ACTION ITEM: Reproduce each line of the following material exactly, omitting the images.

STORED DATA:
Content starts

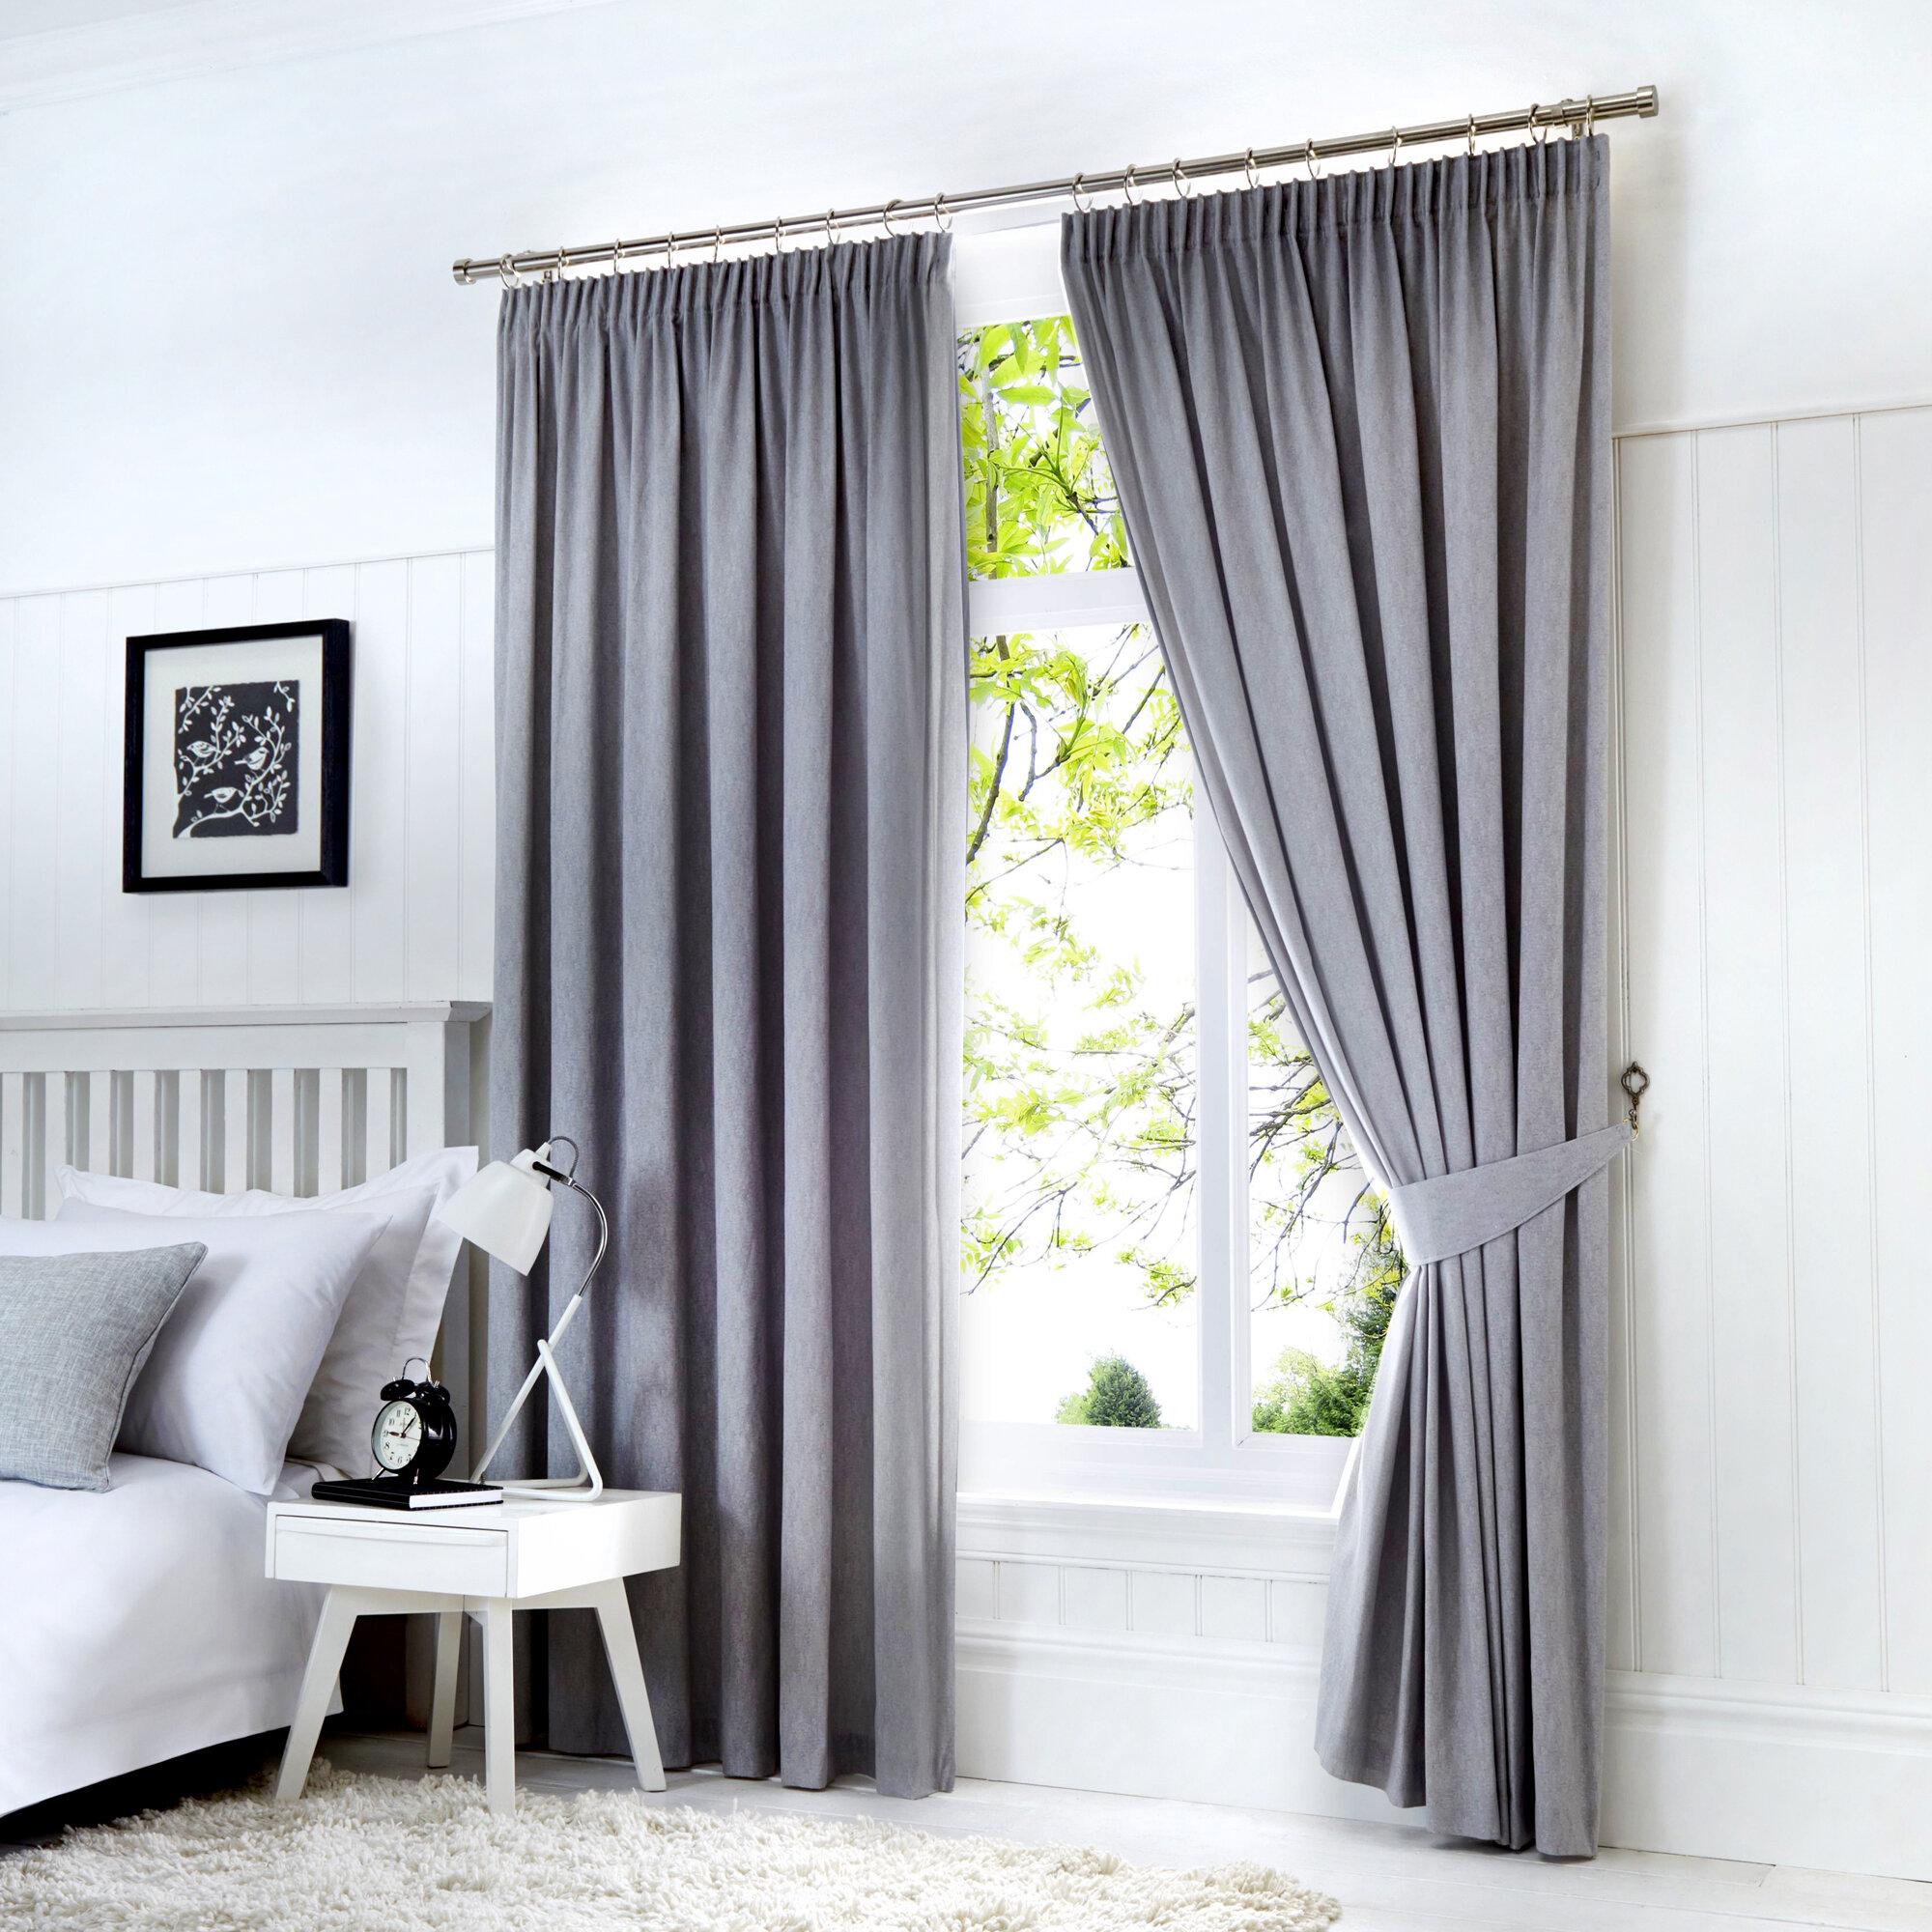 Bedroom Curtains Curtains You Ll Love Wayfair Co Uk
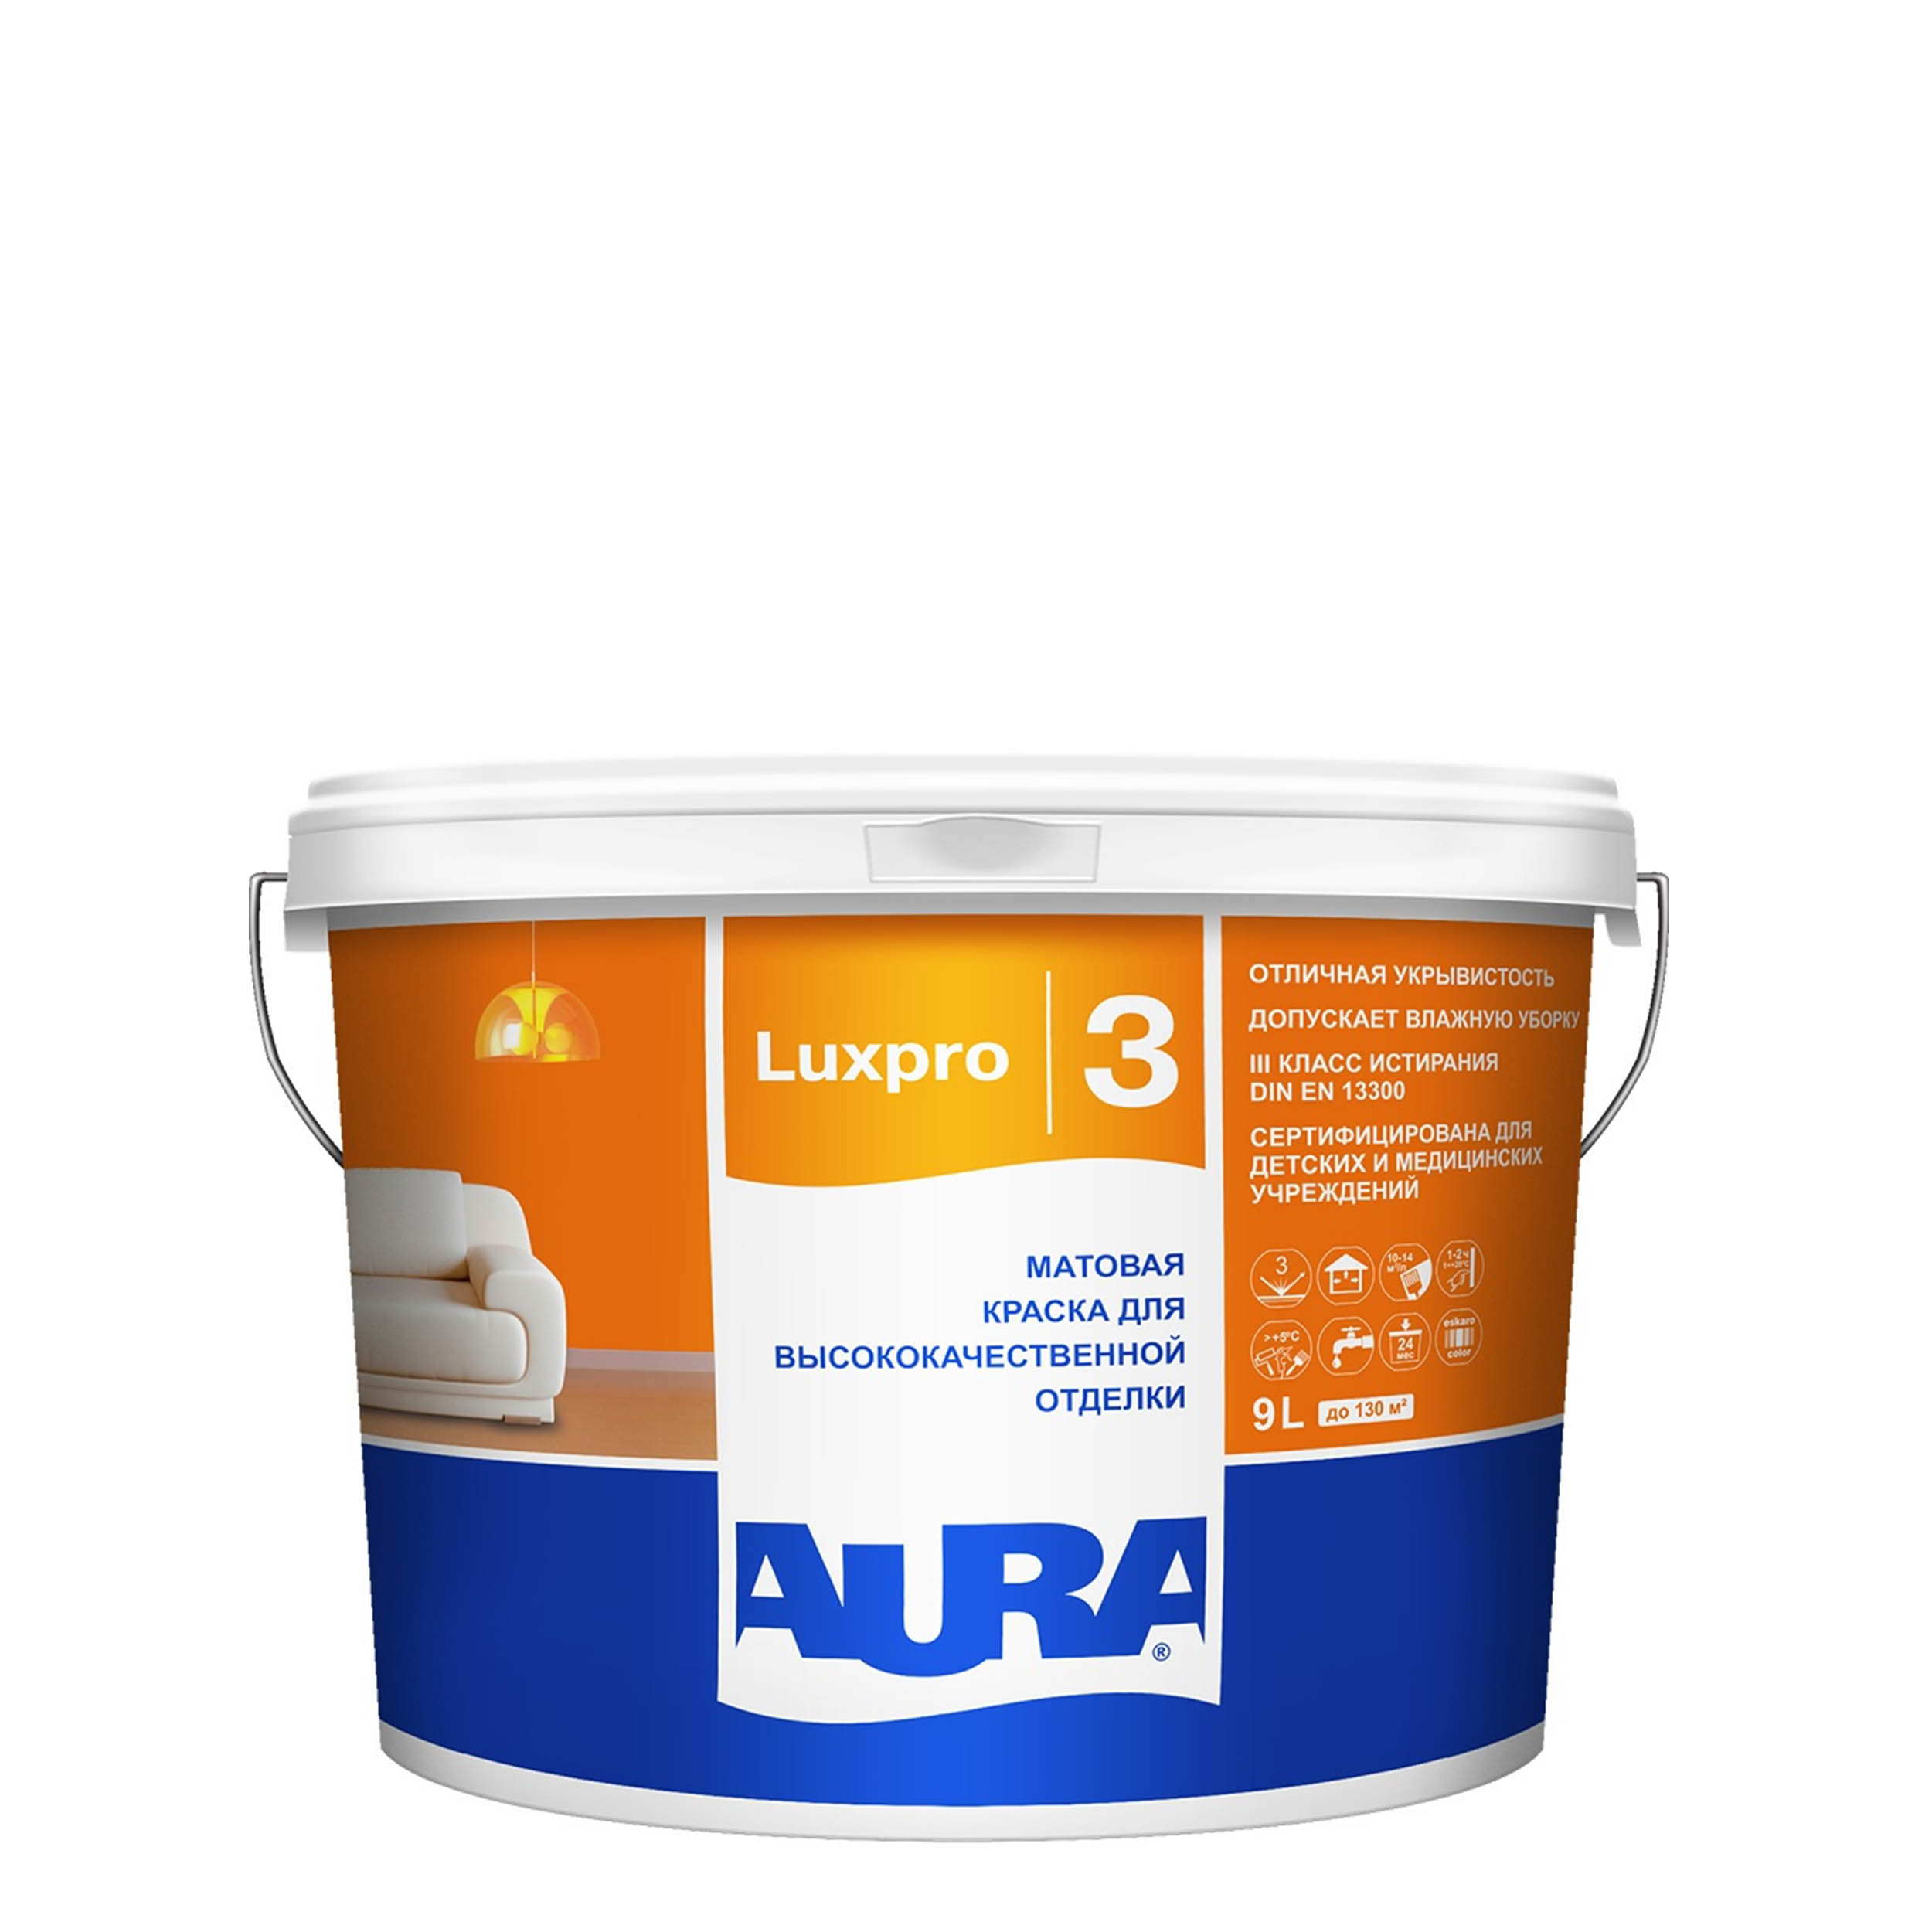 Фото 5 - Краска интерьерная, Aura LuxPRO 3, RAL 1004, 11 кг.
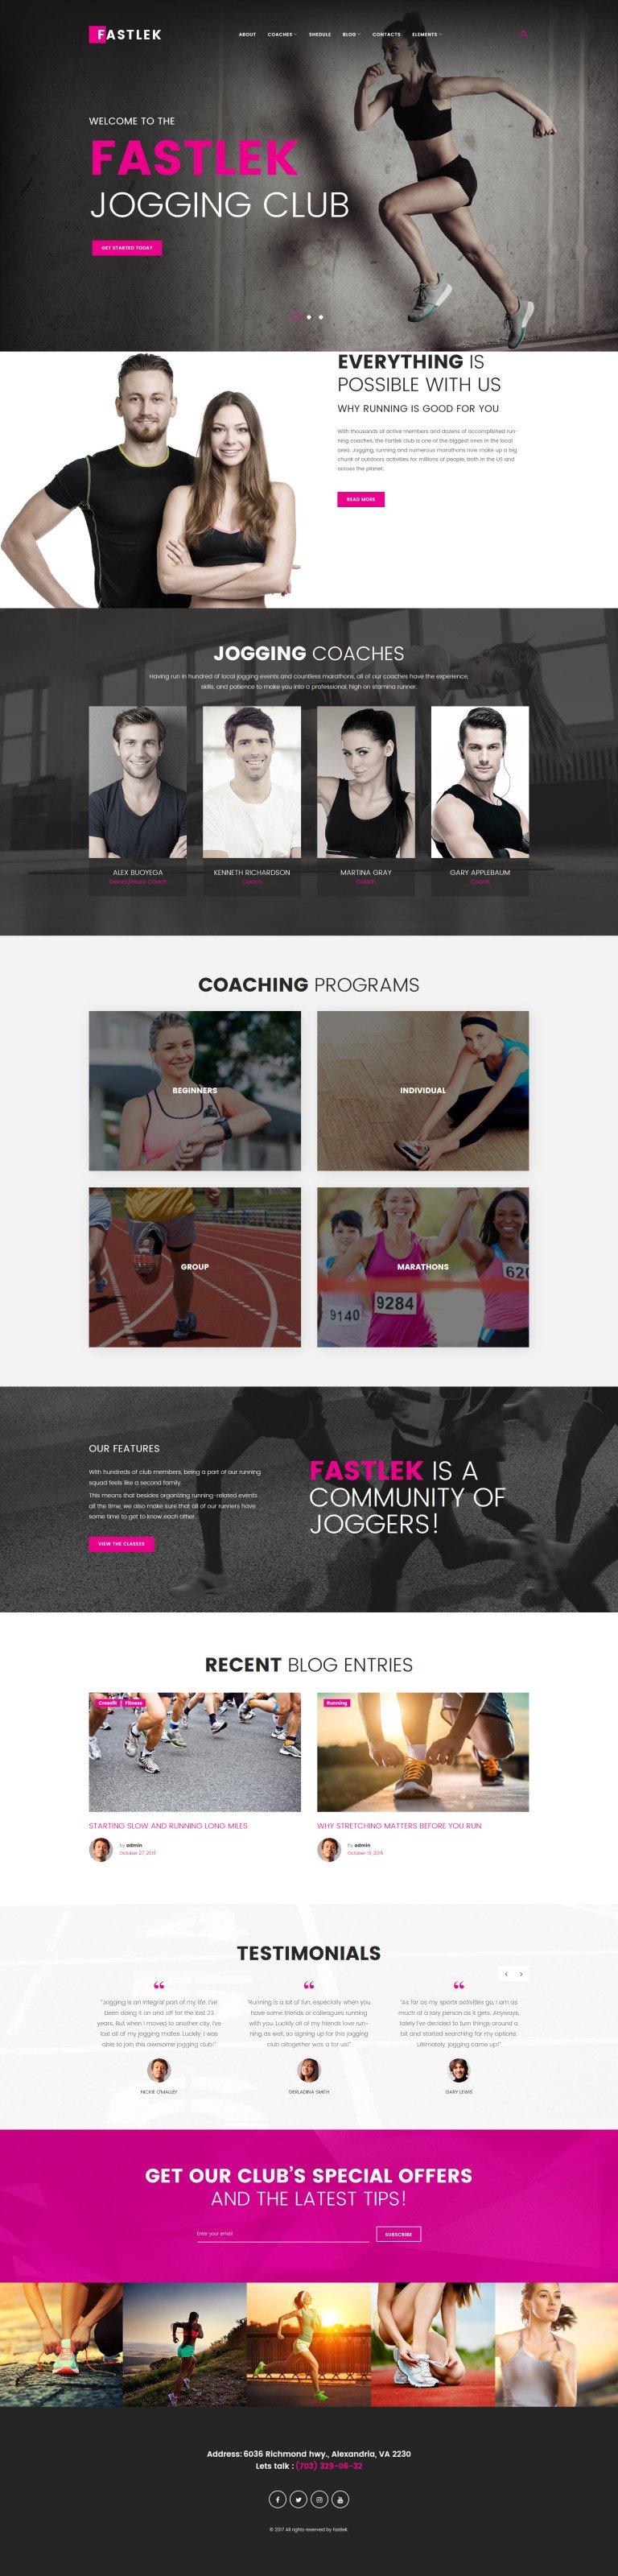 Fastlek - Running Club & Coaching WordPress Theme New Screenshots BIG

Content ends

SOLUTION TO THIS EXERCISE:
 Bedroom Curtains Curtains You Ll Love Wayfair Co Uk
 Фото 5 - Краска интерьерная, Aura LuxPRO 3, RAL 1004, 11 кг.
 Fastlek - Running Club & Coaching WordPress Theme New Screenshots BIG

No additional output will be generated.